Fortune hadn’t finished dealing her fresh blows, either. Soon after his birth, Gary—whom everyone called Kirby—contracted measles, which led to acute encephalitis. He slept straight through a week or two as though in a coma, Marion sitting by his bedside in anxious agony the whole time. When he awoke, she noticed his movements had changed. The sickness had left Kirby mentally challenged. My grandmother would have to watch him like a baby his entire life, which meant she couldn’t take a job until one of the other kids got old enough to
handle the responsibility. From an early age, Curtis helped with the small things—Marion remembered that by three years old, he could diaper Carolyn as well as she could. Still, she was the only adult and had to handle the big things. With government aid now her only possible source of income, she stared desperation dead in the eye.
Hunger hounded the family, but my grandmother kept them alive any way she could, stretching every dollar until the eagle grinned. Most times they ate rice, or beans, or anything that cheaply filled a grumbling belly. Meat was a delicacy enjoyed maybe one weekend of every month, and it consisted of chicken necks, or backs, or any other part of the animal that people with money wouldn’t eat. “Mom had this great big pot and she would cook beans and neck bones,” Aunt Carolyn recalls. “She’d cook it on Monday, and we’d eat all the meat out on Monday, but it was always on the table until we ate up all the beans. I just now learned how to eat beans again, because I swore when I got grown, I would never eat beans.”

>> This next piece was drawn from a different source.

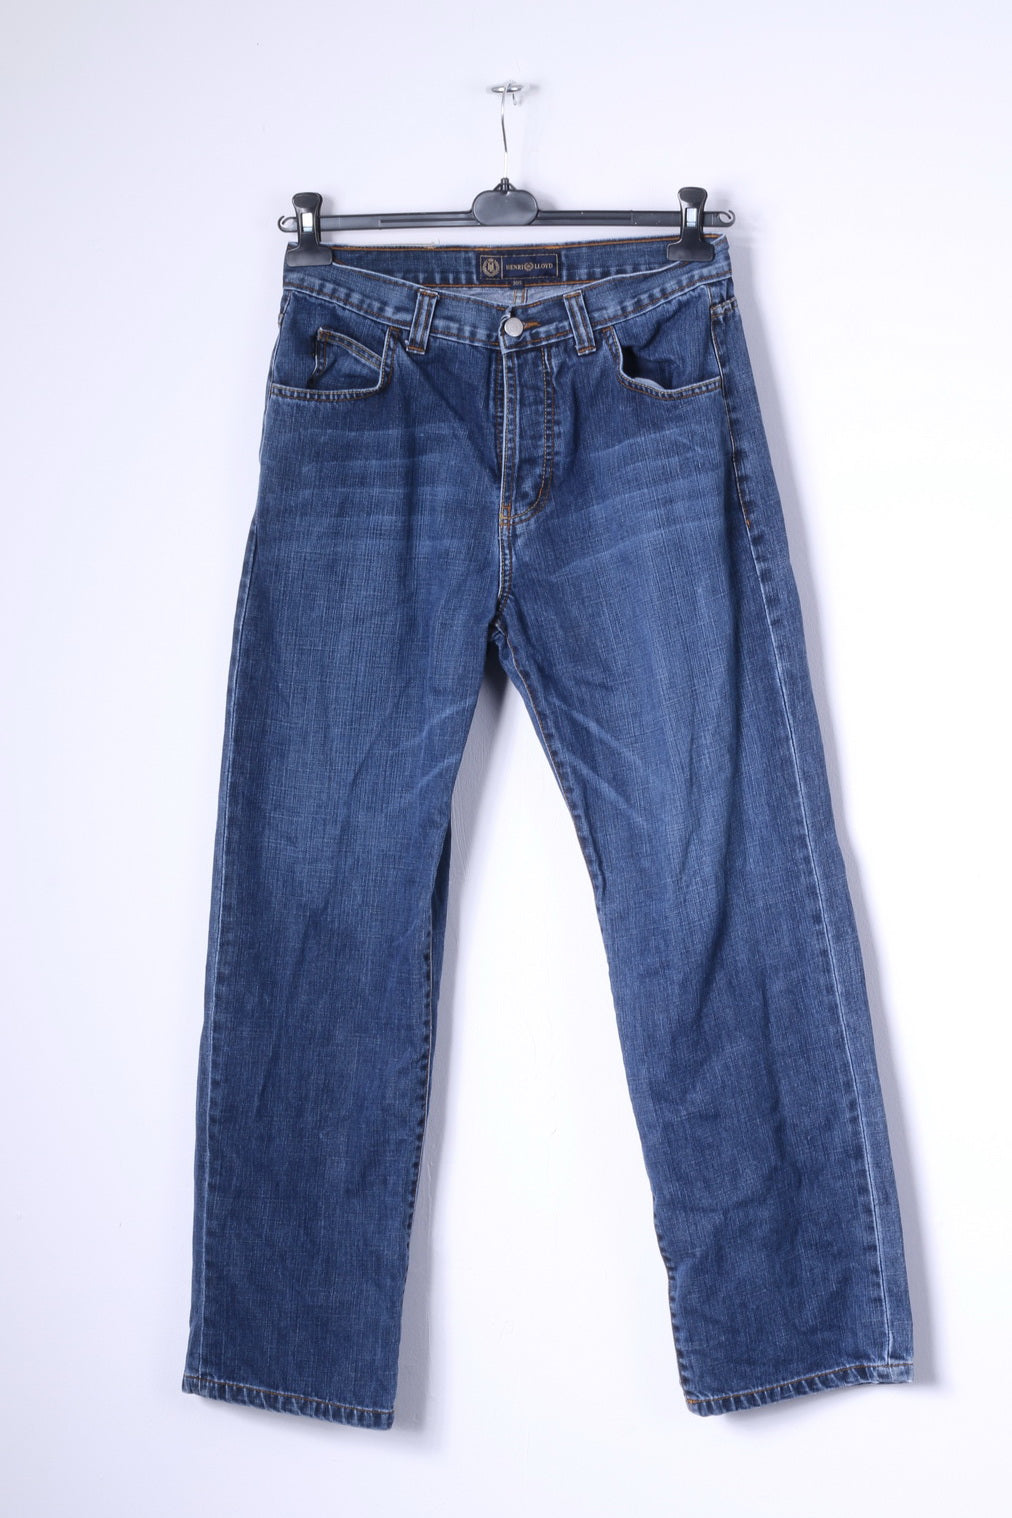 Problemer overdrivelse krans Henri Lloyd Mens 30 S Trousers Blue Jeans Cotton Denim Straight Leg Pa –  RetrospectClothes

The family lived on the run, chased by creditors and landlords from one seedy flophouse to the next. Being a poor Negro in Chicago meant you rarely got a sense of belonging anywhere. After Mannish deserted the family, they lived in a dingy apartment on South Washtenaw Avenue, where Marion began dating a man named Eddie who abused her. One of Aunt Carolyn’s earliest memories is scrambling up the fire escape to Grandma Sadie’s apartment, which was just above theirs, and begging her to come down and stop Eddie from hitting Marion. “Mama was kind of on the timid side, and Grandma was just very boisterous,” Aunt Carolyn says. “Mama wasn’t a fighter, but Grandma was. And [Eddie] didn’t mess with Grandma. Grandma ended up putting him out.”